# Objective
Transaction categorization for credit card data using fastText.

Dataset obtained from https://data.gov.uk/search?q=credit+card+transactions. Take the raw dataset from above, with the labels, and format it into fastText format as below:
        
\_\_label\_\_sauce \_\_label\_\_cheese How much does potato starch affect a cheese sauce recipe?

In [32]:
import fasttext
import pandas as pd

from sklearn.model_selection import train_test_split

#### Input parameters ##################
input_path = "./data/1718Pcard.csv"
output_path_train = "./data/1718card_fasttext_train.txt"
output_path_test = "./data/1718card_fasttext_test.txt"
########################################

# Load data

In [33]:
data = pd.read_csv(input_path)
data

Unnamed: 0,FIN.TRANSACTION DATE,FIN.POSTING DATE,FIN.TRANSACTION AMOUNT,MCH.MERCHANT NAME,MCH.CITY NAME,FIN.ORIGINAL CURRENCY AMOUNT,FIN.ORIGINAL ISO CURRENCY CODE SYMBOL,FIN.INET CONVERSION,target
0,06-04-17,07-04-17,36.55,TESCO STORE 2296,COLNEY HATCH,36.55,GBP,1.0,shopping
1,06-04-17,07-04-17,58.75,AMFBOWLING.CO.UK,01442 840200,58.75,GBP,1.0,entertainment
2,10-04-17,11-04-17,40.5,WWW.GOJUMPIN.COM,INTERNET,40.5,GBP,1.0,kids
3,12-04-17,13-04-17,23.9,AMFBOWLING.CO.UK,01442 840200,23.9,GBP,1.0,entertainment
4,12-04-17,13-04-17,24.28,VUE BSL LTD,LONDON,24.28,GBP,1.0,general
5,12-04-17,13-04-17,93.92,B & M RETAIL,TOTTENHAM,93.92,GBP,1.0,shopping
6,15-04-17,17-04-17,58,WILKO.COM,0845 6080807,58,GBP,1.0,shopping
7,18-04-17,19-04-17,12,TESCO STORES 2296,COLNEY HATCH,12,GBP,1.0,shopping
8,18-04-17,19-04-17,11.5,ASDA SUPERSTORE,S'GATE CIRCUS,11.5,GBP,1.0,shopping
9,18-04-17,19-04-17,20.72,ASDA SUPERSTORE,S'GATE CIRCUS,20.72,GBP,1.0,shopping


# Pre-process data

In [34]:
# Retain only rows where target is not null
data_target = data[~data['target'].isnull()]

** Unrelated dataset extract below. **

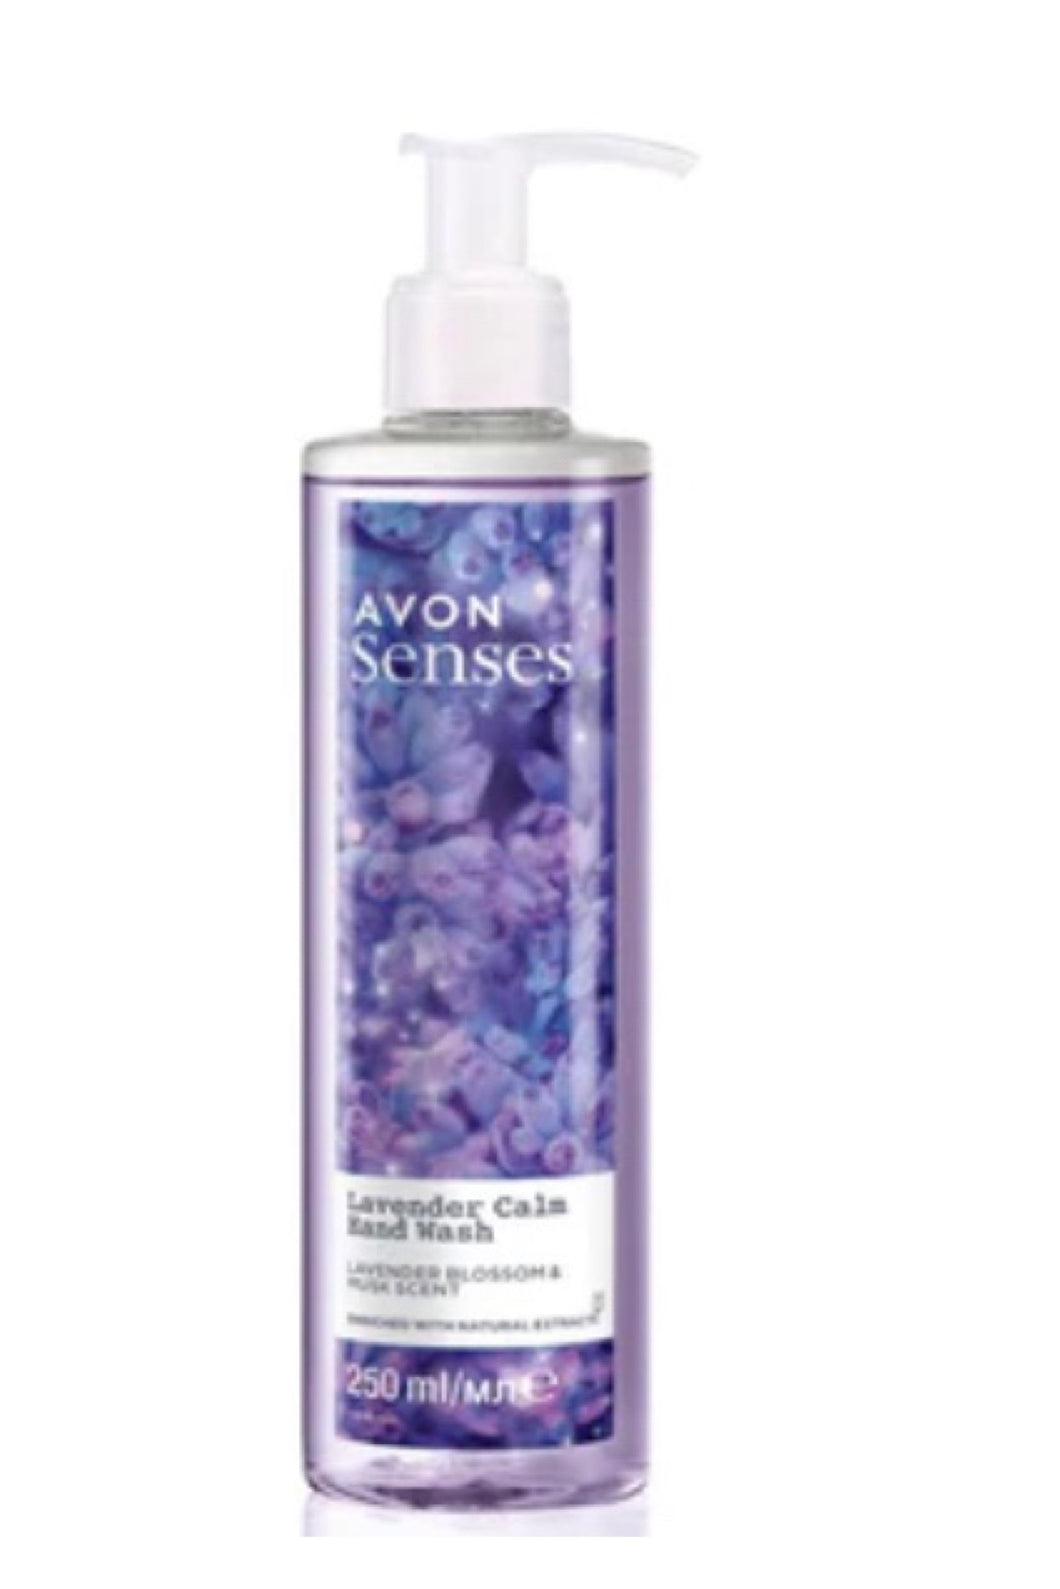 Senses Lavender Calm  Hand Wash - 250ml Lavender Blossom & Musk Scent

# Convert column names to lower case
data_target.columns = [str(x).lower().replace(' ', '_') for x in data_target.columns]

# Extract relevant columns
data_target = data_target[['mch.merchant_name', 'target']]

# Drop duplicate rows
print("len before drop duplicates = " + str(len(data_target)))
data_target.drop_duplicates(inplace=True)
print("len after drop duplicates = " + str(len(data_target)))

# Convert '.' to ' '
data_target['mch.merchant_name_split'] = data_target.apply(lambda row:
                                                           row['mch.merchant_name'].replace('.', ' ').lower(), axis=1)

# Drop column
data_target.drop('mch.merchant_name', axis=1, inplace=True)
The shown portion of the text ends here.